2. Solely 34 Udemy programs are created by instructors whose job title is an internet developer and whose course scores are higher than 4.2.
3. Virtually 150 Udemy programs are created by AWS, Azure, GCP, or Salesforce-certified builders.
4. Ramesh Retnasamy creates the preferred Azure Information Manufacturing facility course on Udemy.
5. Lately created Azure and AWS programs are highly regarded on Udemy.
6. Udemy customers want to enroll in SAS programs with about 100-150 lectures with good scores.
Conclusion
On this article, we have now seen learn how to construct an information warehouse for exploring Udemy course tendencies and insights utilizing Google Massive Question. An information warehouse shops and analyze a considerable amount of knowledge and produce helpful knowledge insights with the assistance of information visualizations and stories. We’ve got seen learn how to create a desk by importing knowledge from Kaggle in Google Massive Question.

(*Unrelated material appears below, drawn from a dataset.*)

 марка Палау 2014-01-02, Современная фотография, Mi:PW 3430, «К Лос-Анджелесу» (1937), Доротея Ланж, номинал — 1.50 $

We additionally perceive learn how to create relationships between tables to grasp knowledge higher. We checked out learn how to analyze the information with the assistance of queries to get significant perception from the information. Beneath are the main takeaways from the above article:
- We’ve got seen how we are able to create tables in Google Massive Question.
- We understood learn how to question knowledge within the Massive Question SQL question engine.

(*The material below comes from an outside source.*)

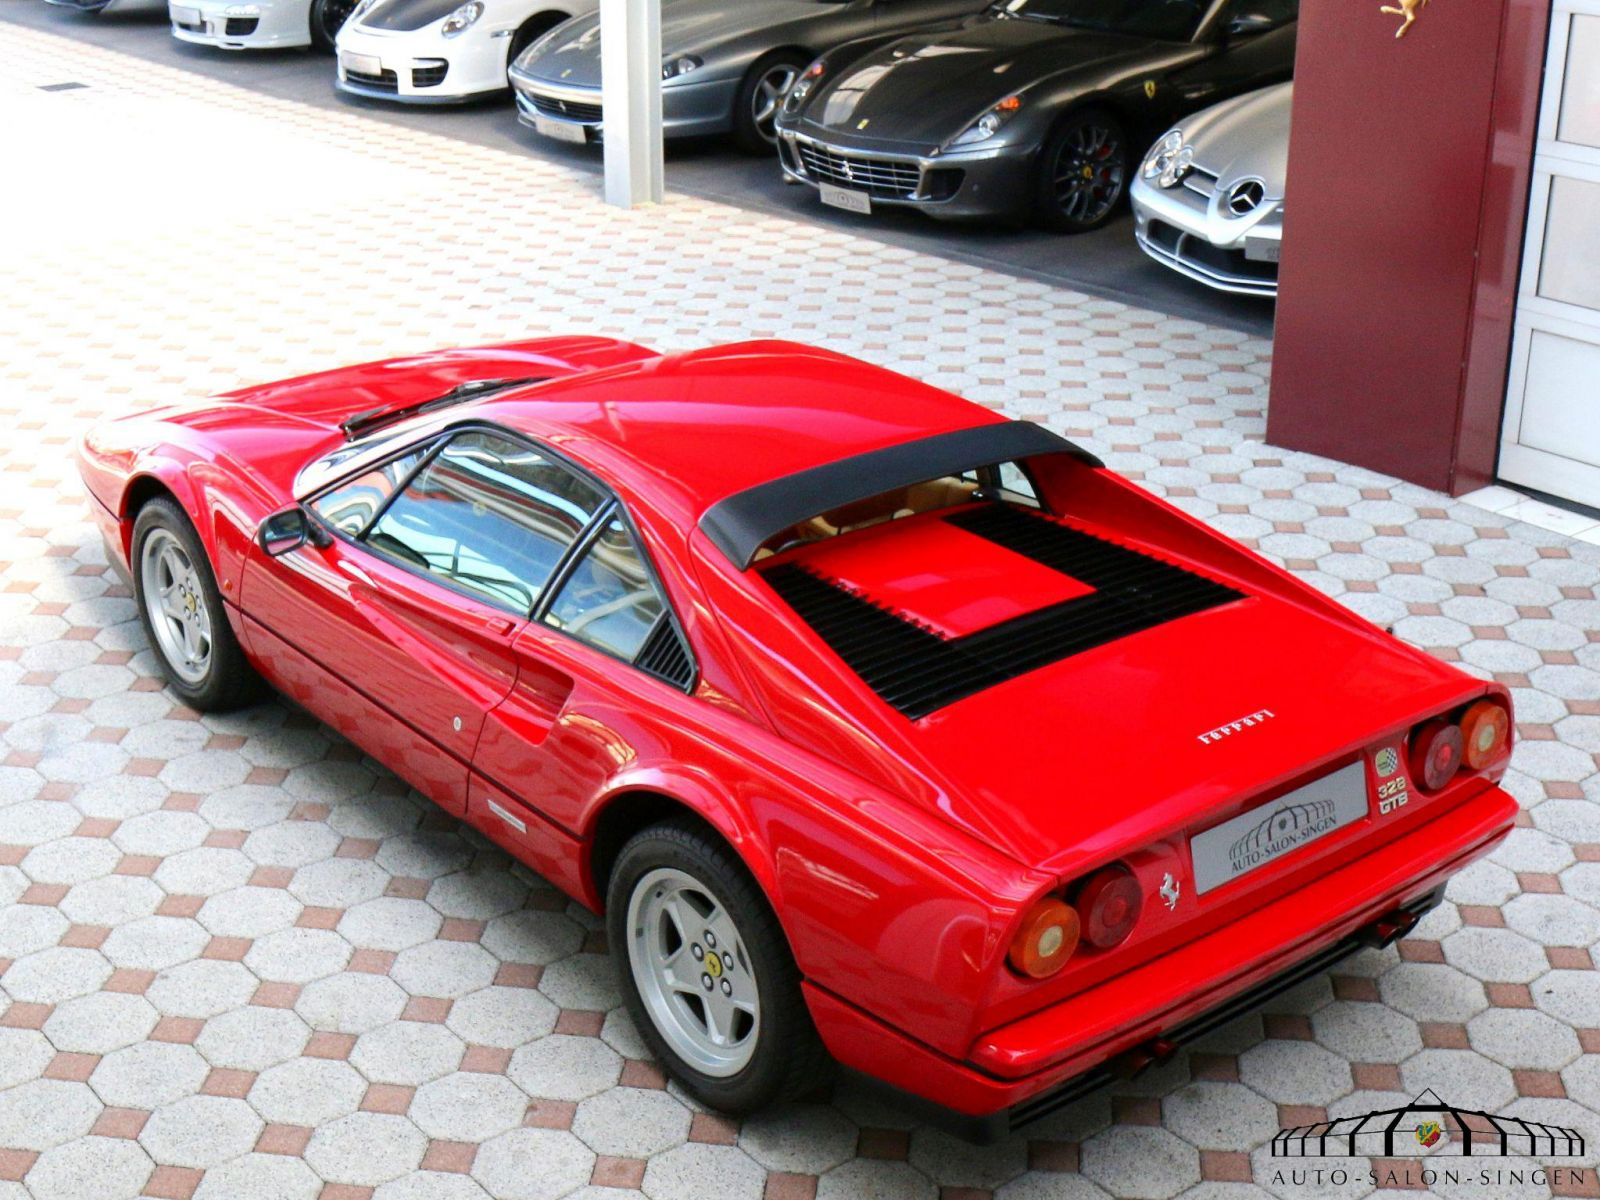 Ferrari 328 Gtb Coupé Auto Salon Singen

- We’ve got additionally recognized particulars of the Udemy programs created by individuals whose job title is an internet developer and whose course scores are higher than 4.2.
- We’ve got additionally seen what number of programs on Udemy are created by licensed builders.
- We’ve got discovered the newly created Azure and AWS programs on Udemy foundation the tendencies.
- Other than that, we have now additionally seen different course tendencies on Udemy by exploring Udemy knowledge contained in the SQL question engine.
The media proven on this article just isn’t owned by Analytics Vidhya and is used on the Creator’s discretion.